Dataset content:
- - -

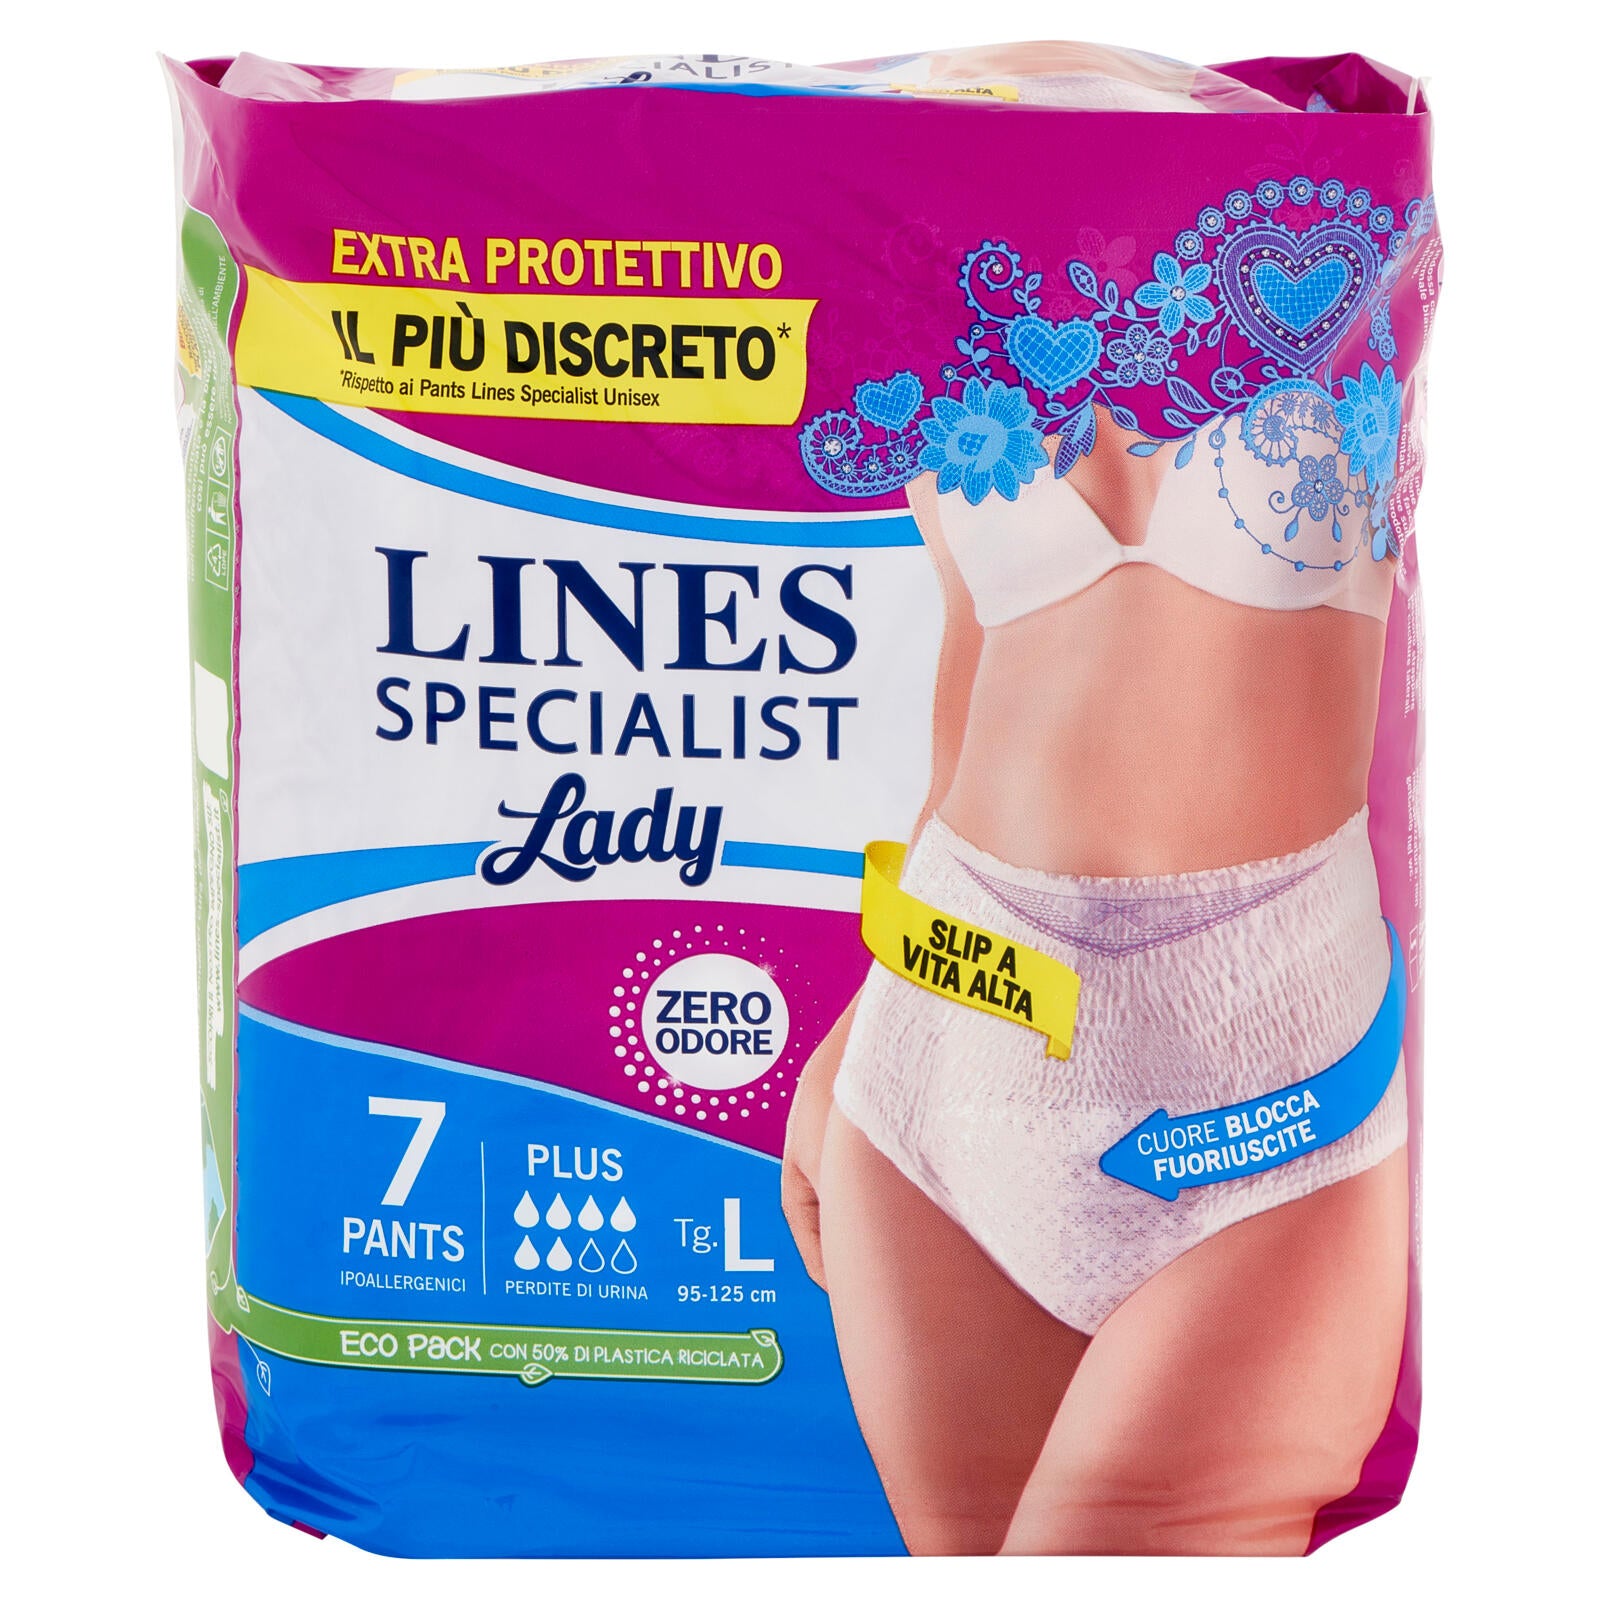 Lines Specialist Lady Pants Plus Tg.L 7 pz ->
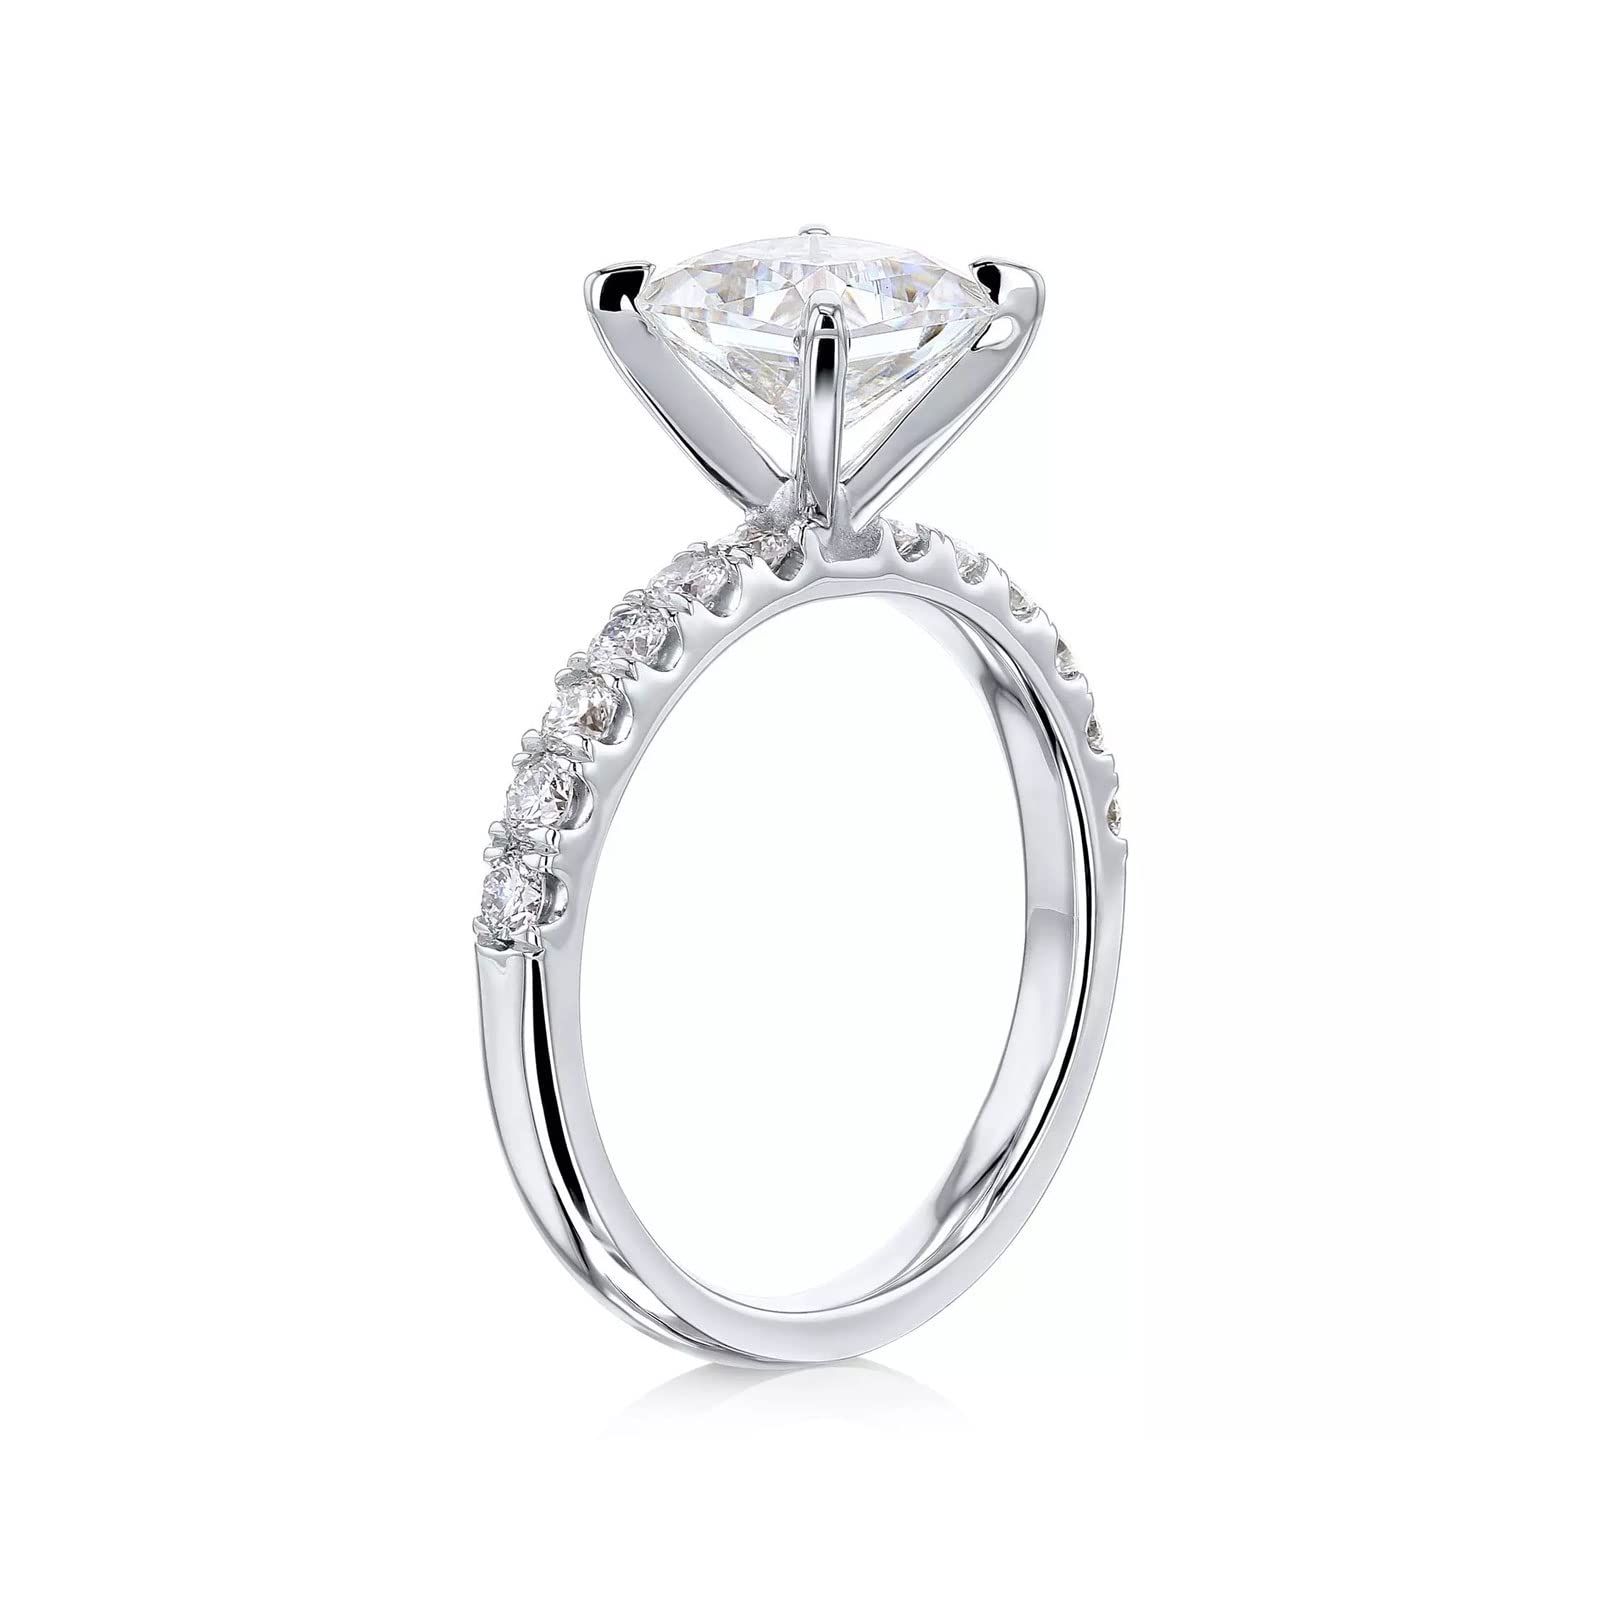 MRENITE 1-4 Carat 10K 14K 18K Gold Princess Cut Moissanite Engagement Ring for Women VVS1 Clarity D Color Moissanite Wedding Ring
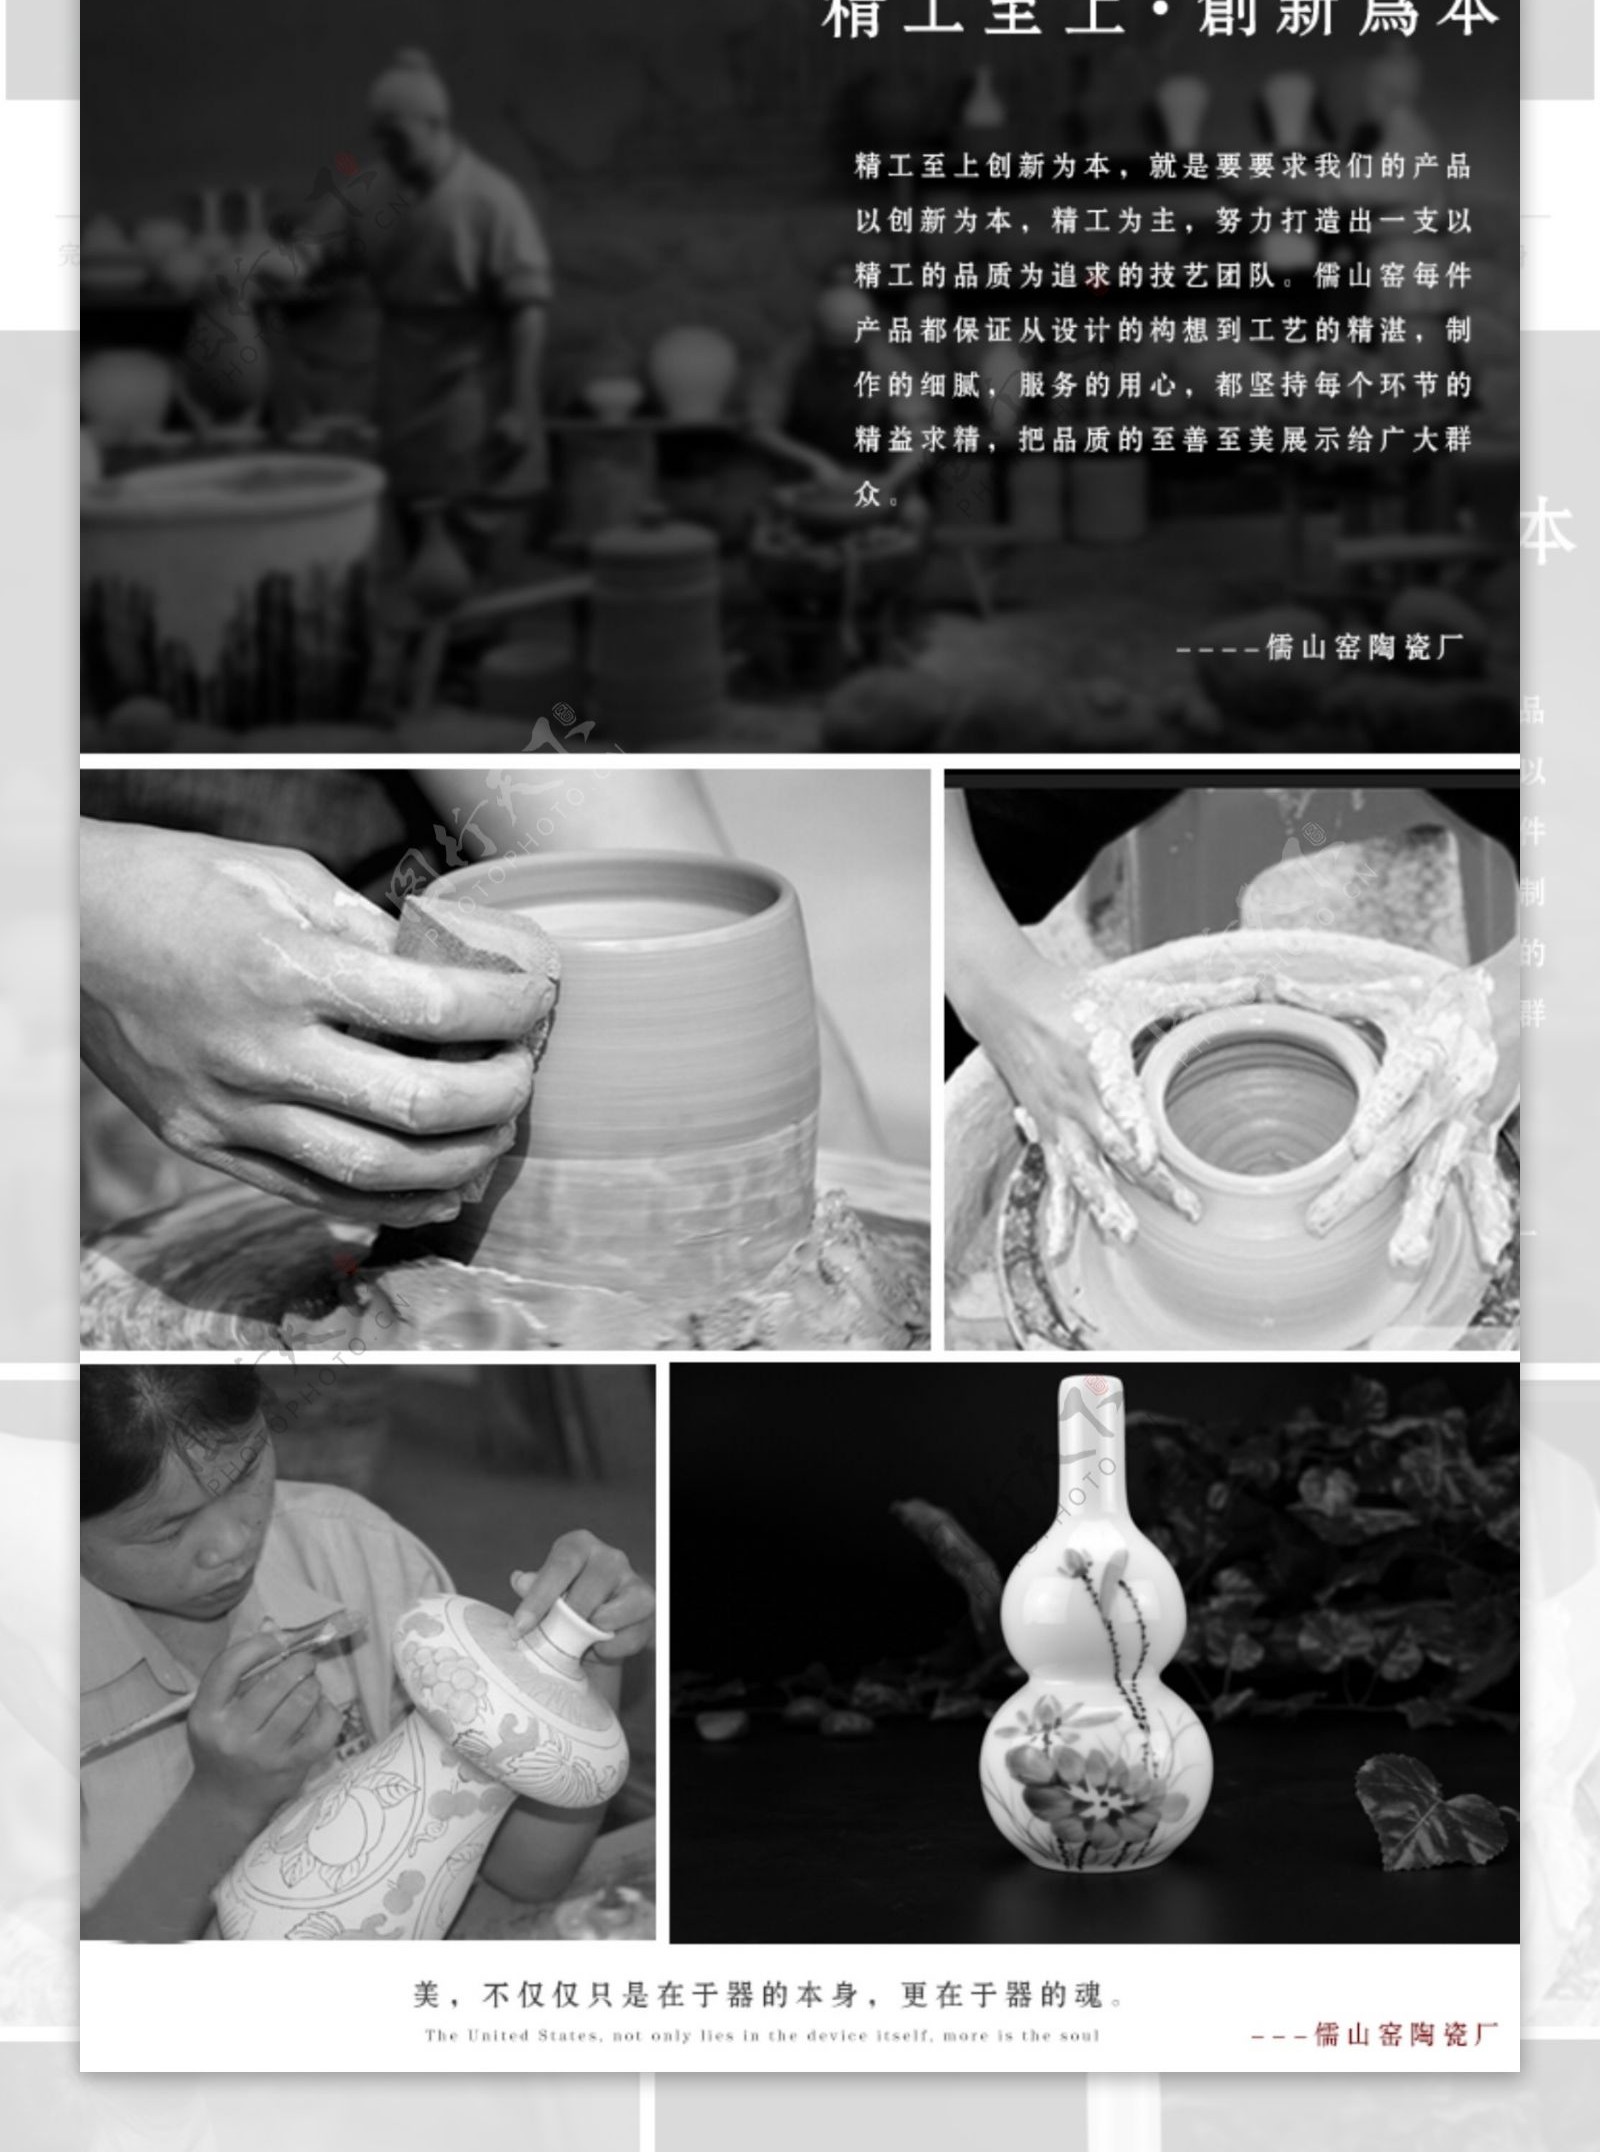 陶瓷花瓶详情页设计

- - -

Exercise goal:
Return the data verbatim, leaving out the pictures it holds.

Solved exercise:
 Lines Specialist Lady Pants Plus Tg.L 7 pz ->
 MRENITE 1-4 Carat 10K 14K 18K Gold Princess Cut Moissanite Engagement Ring for Women VVS1 Clarity D Color Moissanite Wedding Ring
 陶瓷花瓶详情页设计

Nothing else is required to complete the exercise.